Jonathan Miller
Macron’s nightmare is complete
France's president wants to lead Europe. It looks like he will not even be able to lead France
French president Emmanuel Macron has been humiliated by voters, weeks after being re-elected by an unenthusiastic electorate.
The hyper-president with ambitions to lead Europe looks like he will not even be able to lead France. His legislative project, headlined by pension reform and raising the retirement age, appears doomed. France looks more ungovernable than ever. There’s a possibility that parliament might be dissolved within a year and new elections held. It is a ‘nightmare scenario’ for the president, admitted Le Monde this morning.
The result of the election is much worse for Macron than almost anyone anticipated. For the first time in the fifth republic the president has failed to win a parliamentary majority. He lost crucial parliamentary allies including Richard Ferrand, the president of the National Assembly, Christophe Castaner, his former interior minister who presided over the brutal repression of the gilets jaunes, Amélie de Montchalin, the environment minister, Justine Bénin, a secretary of state for the sea and Brigitte Bourguignon, minister of health and social solidarity.
Macron’s prime minister Élisabeth Borne, a technocrat parachuted into what was thought to be a safe seat, and who has the political charisma of a carrot, barely won against an unknown candidate of the Mélenchonist Nouvelle Union Populaire Écologique et Sociale.
The only visible majority in the new assembly will be Eurosceptics of the left and right, which makes Macron’s ambition for a European renaissance led by him seem fanciful. The electorate massively repudiated his warning that his opponents were ‘dangerous extremists.’ Macron's is now a ‘still-born’ presidency, declared Alexis Brézet, the editorial director of Le Figaro.
Marine Le Pen’s Rassemblement National increased its representation from nine seats to 89. The Mélenchon coalition of ultra-leftists, communists, greens and socialists will end up with around 131 seats, up from 17 in 2017.
Macron, who warned voters in almost hysterical terms against electing extremists of the left and right, needed 289 seats for his Ensemble alliance to preserve his majority. He’s won 245, losing 154 of his deputies elected in 2017.
The centrist Les Républicains, won 64, with 46 seats for a variety of minor parties. Only 46 per cent voted, the lowest turnout since 1958; 54 per cent abstained. Even the BFMTV channel, a steadfast supporter of Macron, called the result a catastrophe.
'The situation is unprecedented, in a configuration never seen under the Fifth Republic,' said prime minister Borne last night. Macron is thus far silent.
General de Gaulle built the Fifth Republic to castrate parliament and put an end to the chaos of the fourth republic. So we’re back to some sort of simulacrum of the fourth. A stable coalition (cohabitation) seems impossible and the price demanded will be high.

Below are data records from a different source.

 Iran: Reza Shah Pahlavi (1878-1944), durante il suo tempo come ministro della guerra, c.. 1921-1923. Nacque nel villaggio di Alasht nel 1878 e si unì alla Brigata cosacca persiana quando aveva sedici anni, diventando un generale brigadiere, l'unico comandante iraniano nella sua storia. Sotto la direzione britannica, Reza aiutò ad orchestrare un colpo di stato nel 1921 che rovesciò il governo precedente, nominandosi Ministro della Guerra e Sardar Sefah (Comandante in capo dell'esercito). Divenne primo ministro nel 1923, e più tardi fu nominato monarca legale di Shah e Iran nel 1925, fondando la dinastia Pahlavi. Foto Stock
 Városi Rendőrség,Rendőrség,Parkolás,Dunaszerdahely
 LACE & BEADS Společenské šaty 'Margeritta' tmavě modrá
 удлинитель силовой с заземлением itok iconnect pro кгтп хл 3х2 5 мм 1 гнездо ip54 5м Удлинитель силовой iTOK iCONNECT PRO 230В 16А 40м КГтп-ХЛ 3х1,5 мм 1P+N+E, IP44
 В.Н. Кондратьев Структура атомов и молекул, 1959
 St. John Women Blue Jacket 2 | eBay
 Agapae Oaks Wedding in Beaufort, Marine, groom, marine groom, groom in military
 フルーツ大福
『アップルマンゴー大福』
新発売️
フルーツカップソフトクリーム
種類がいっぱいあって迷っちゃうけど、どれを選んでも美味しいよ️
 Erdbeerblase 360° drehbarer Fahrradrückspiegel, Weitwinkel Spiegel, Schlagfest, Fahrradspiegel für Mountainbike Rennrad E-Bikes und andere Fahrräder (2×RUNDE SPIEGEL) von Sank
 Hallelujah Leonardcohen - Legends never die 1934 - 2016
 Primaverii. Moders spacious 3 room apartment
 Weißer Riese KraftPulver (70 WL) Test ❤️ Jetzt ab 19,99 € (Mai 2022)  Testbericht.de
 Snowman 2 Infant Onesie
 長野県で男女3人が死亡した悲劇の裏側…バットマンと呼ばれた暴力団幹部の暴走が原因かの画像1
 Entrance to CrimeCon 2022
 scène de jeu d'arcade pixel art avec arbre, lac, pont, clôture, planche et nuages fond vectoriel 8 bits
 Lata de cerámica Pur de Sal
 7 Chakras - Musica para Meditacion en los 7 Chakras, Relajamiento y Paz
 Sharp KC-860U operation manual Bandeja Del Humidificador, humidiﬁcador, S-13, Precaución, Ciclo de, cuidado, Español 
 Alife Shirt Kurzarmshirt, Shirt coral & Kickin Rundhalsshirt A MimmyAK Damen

Macron must now hope to create ad hoc parliamentary coalitions to pass any reforms, but he has few allies and will pay a high price. The Républicains have ruled out a cohabitation with Macron which could give him a majority, although doubtless he could prise away a few.
'He is determined to act, strong and serene, with the will to move forward for the country,' one of his allies said last night after a meeting at the Élysée with Élisabeth Borne, Édouard Philippe, François Bayrou, Stanislas Guerini and Clément Beaune.
French voters are consolidating into irreconcilable groups producing a systematic political instability: Macron is not only incapable of uniting the country, he bears heavy responsibility for dividing it. The extent of the delusion in the president’s camp was starkly illustrated last night when Macron’s spokesperson Olivia Grégoire said: 'It’s a disappointing first place, but it’s a first place nonetheless.’
Macron won the presidency in April because a majority of voters thought Le Pen would be even worse. But he commands little to no affection. Now he is doomed to preside over escalating chaos as France faces a cost of living and debt crisis, a budget deficit untamed by Europe’s highest taxes, an energy crisis, crises in the schools and hospitals, and a law and order crisis, all amid the most serious European military conflict since 1945.
What next? Allow me to speculate. Jean-Luc Mélenchon’s leftist coalition will inevitably fracture. Various opportunistic Républicains may ally with Macron, but will demand a stiff price. Élisabeth Borne is likely to be an even shorter-lived prime minister than her only female predecessor, Edith Cresson (who called British men homosexuals and the Japanese ants), who lasted less than a year. And Macron will strut the world stage, pretending nothing has happened.